What is a tilt / shift lens and why use one?

Why buy a tilt-shift lens?” the journalist opposite me asked. We were enjoying a very nice meal overlooking the harbour in Palma, and I was explaining how my own kit was superior to the kit I had been using for some time. He knew the principle, but without images, it was trying to describe colour to a blind person. So I’ll run down why I felt it was necessary to invest in better equipment.

Take this image below, it looks nice enough, but architectural photographers would be cringing. Why? The fireplace isn’t that bad…Actually, it is, but it came with the house and it’s been replaced by something more in keeping with the property, but I digress. No, the problem is with the vertical lines of the room. If you were actually in the room all the lines from the floor to the ceiling would be parallel. But in the photograph, they are not.

@ Graham Snook Photography

Why not? Well in order to get the floor in, I’ve had to lean the camera forward…Look at the way the windows and chimney breast have gone wedge-shaped. These are “diverging verticals” as the vertical lines will never meet and are getting further away above the frame. If you photograph a tall building and tilt your camera upwards the opposite will happen (converging verticals).

In the, now, wonderful days for the amateur photographer, they can correct these optical errors in photoshop in a few seconds, but the result is a narrower angle of view as the image would have to be cropped to be published

So instead of resorting to software to correct at a later stage, the film plane has to be vertical, and parallel with the walls, but if we look at what happens when I do that…

I end up with a lot of empty space where nothing is happening at the top of the frame, and anything low down close to the camera gets cropped out, poor cookie monster is only just hanging in there. It is possible to lower the camera to balance out the scene, but if I did that you wouldn’t be able to see what was on any of the surfaces, and anything close to the camera would appear large in the frame.

So, what’s the solution?

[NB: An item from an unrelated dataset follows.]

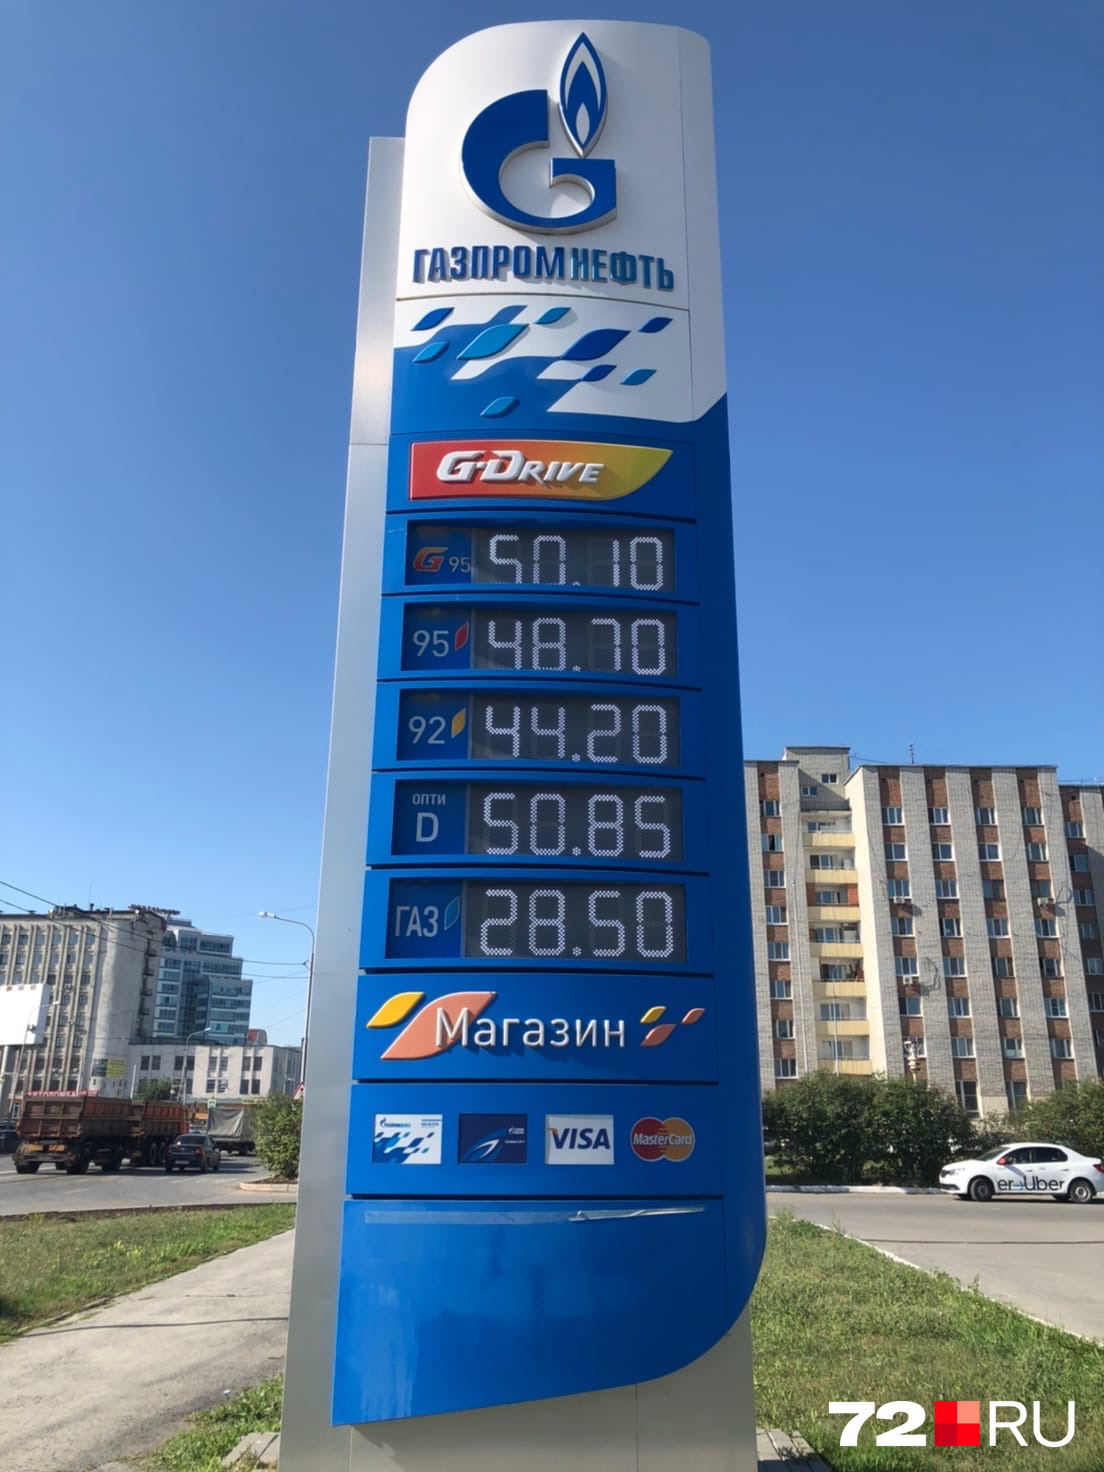 На заправке «Газпромнефть» цена увеличилась на 2,5 рубля. В конце прошлой недели топливо здесь стоило 26,5 рубля

Buy or hire a tilt-shift lens. Which, as well as doing the fancy out-of-focus little-bit-in-focus stuff, can also do what’s known as drop front. What this does is move the lens downwards while the film/sensor stays where it is. By doing this it moves the centre of the projected image on the sensor downwards (remembering that the image is projected onto the sensor upside down and back to front) so what you really see is more of the bottom of the image…like this:

The lens can also do far more interesting things, but I’ll save those for another day – and yes the fireplace really has gone now.